1977 Lamborghini Countach LP400 Periscopio by Bertone
Estimate: €750,000–€900,000 ($912,937–$1,095,524)
Average #2-condition value: N/A (1976 LP400: $640,000)
If you’re of a certain age (50-something?) and love cars, you definitely know the Countach. However, you’re probably picturing the later models in your mind, the ones that featured giant rear wings. Turn your attention to the first iterations.

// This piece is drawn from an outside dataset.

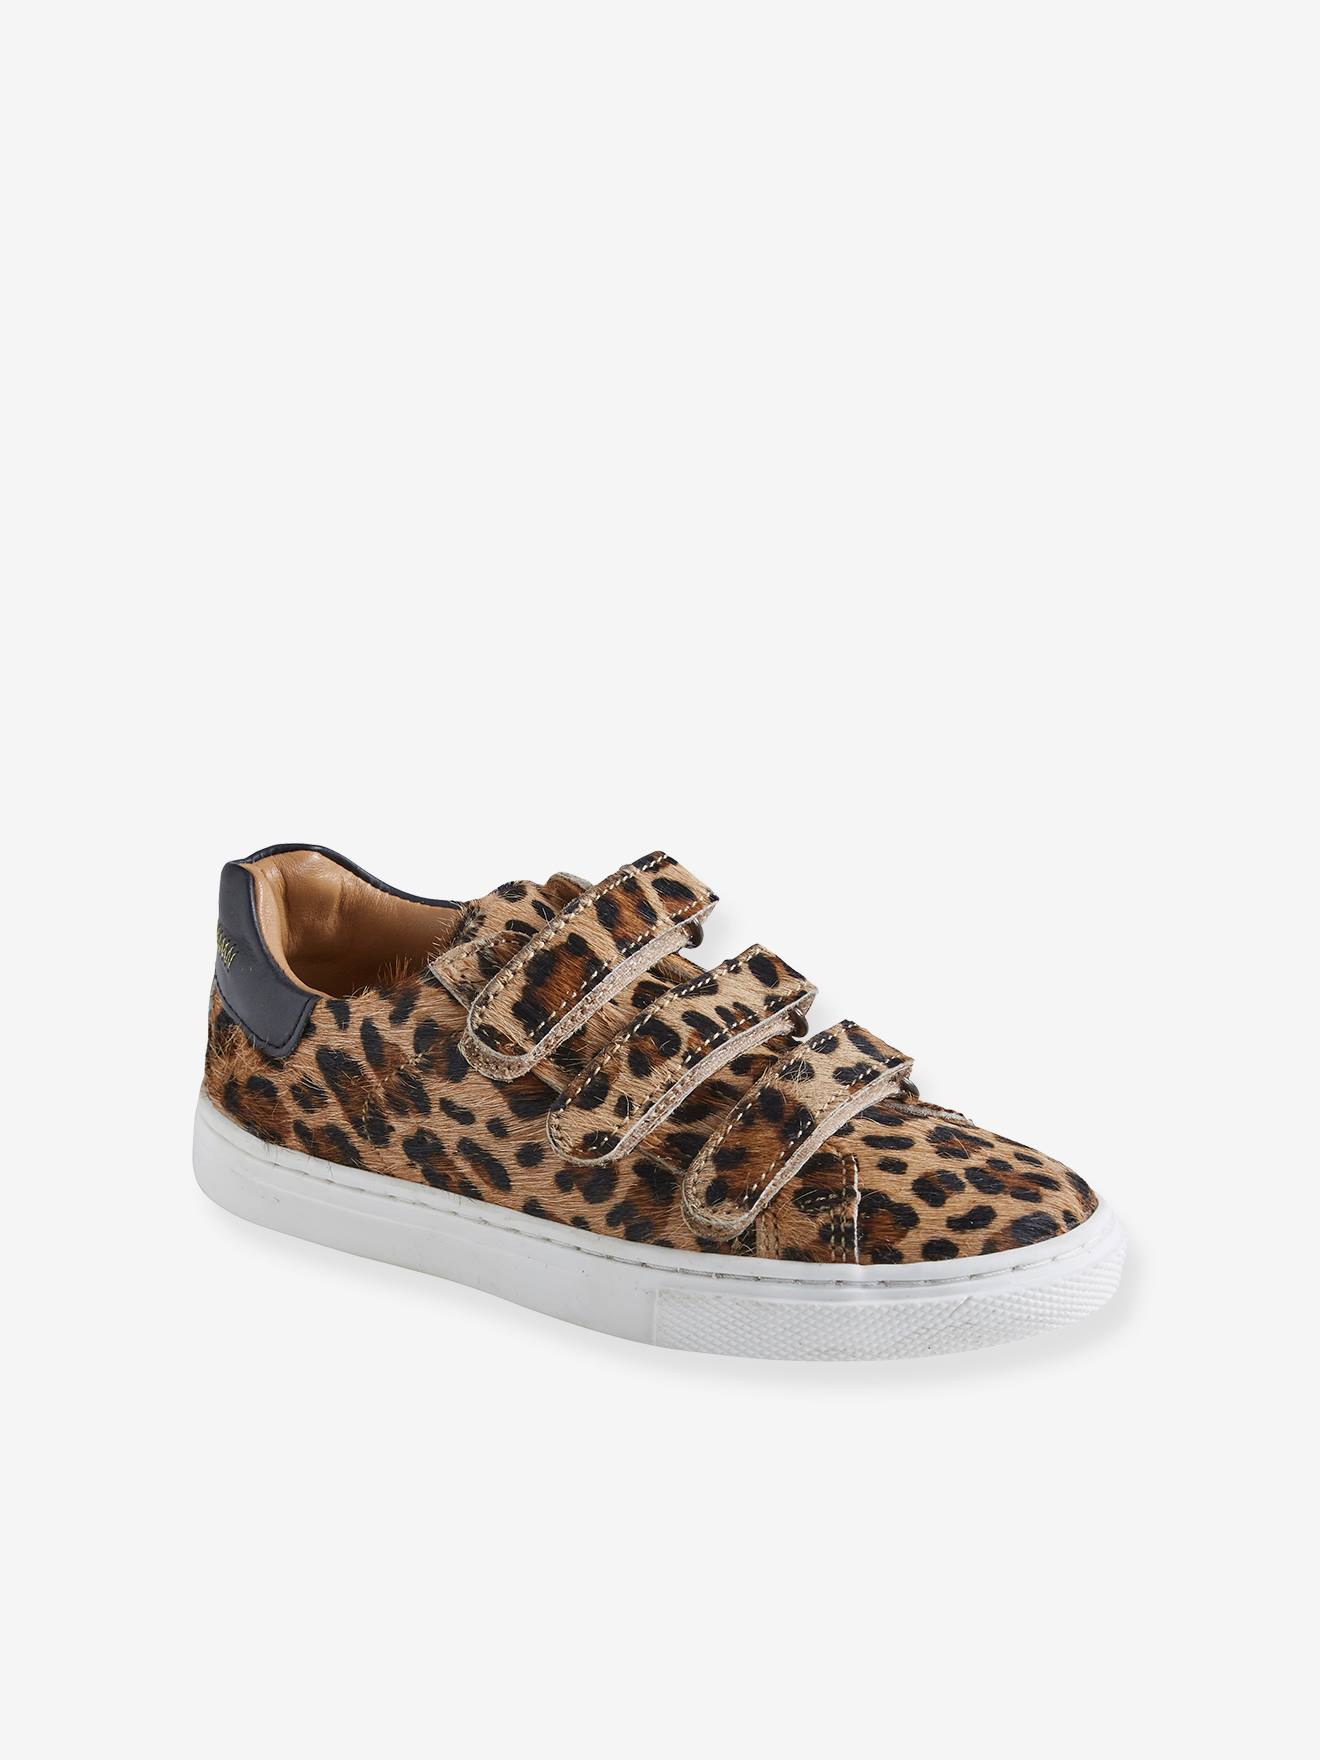 Leren sneakers met klittenband meisje luipaardmotief

Only five years after the Miura debuted at the Geneva Motor Show, Marcello Gandini unveiled his masterful Countach prototype, and Countach LP400 “Periscopio” (periscope) models remained most faithful to his original design. The first-year production LP400s featured a Donnelly Mirrors-developed rear-view “Periscopio” system, concealed in the passenger-side roof. This example is one of only 23 built in 1977.
1984 Lamborghini Countach LP500S by Bertone
Estimate: €300,000–€350,000 ($365,175–$426,037)
Average #2-condition value: $365,000
The Countach was already the poster-worthy fantasy car of thousands by the time the LP500 arrived. The more recent iteration featured a revised 4.8-liter V-12 mill that produced 375 hp and propelled the car to a top speed of 160 mph. A factory rear wing was available, but the original owner of this one did not check that box on the order sheet. Lamborghini built only 321 LP500S models.
Think Billy Crystal is up for another Running of the Bulls? He likely won’t need a doctor this time around—just a hefty bank account.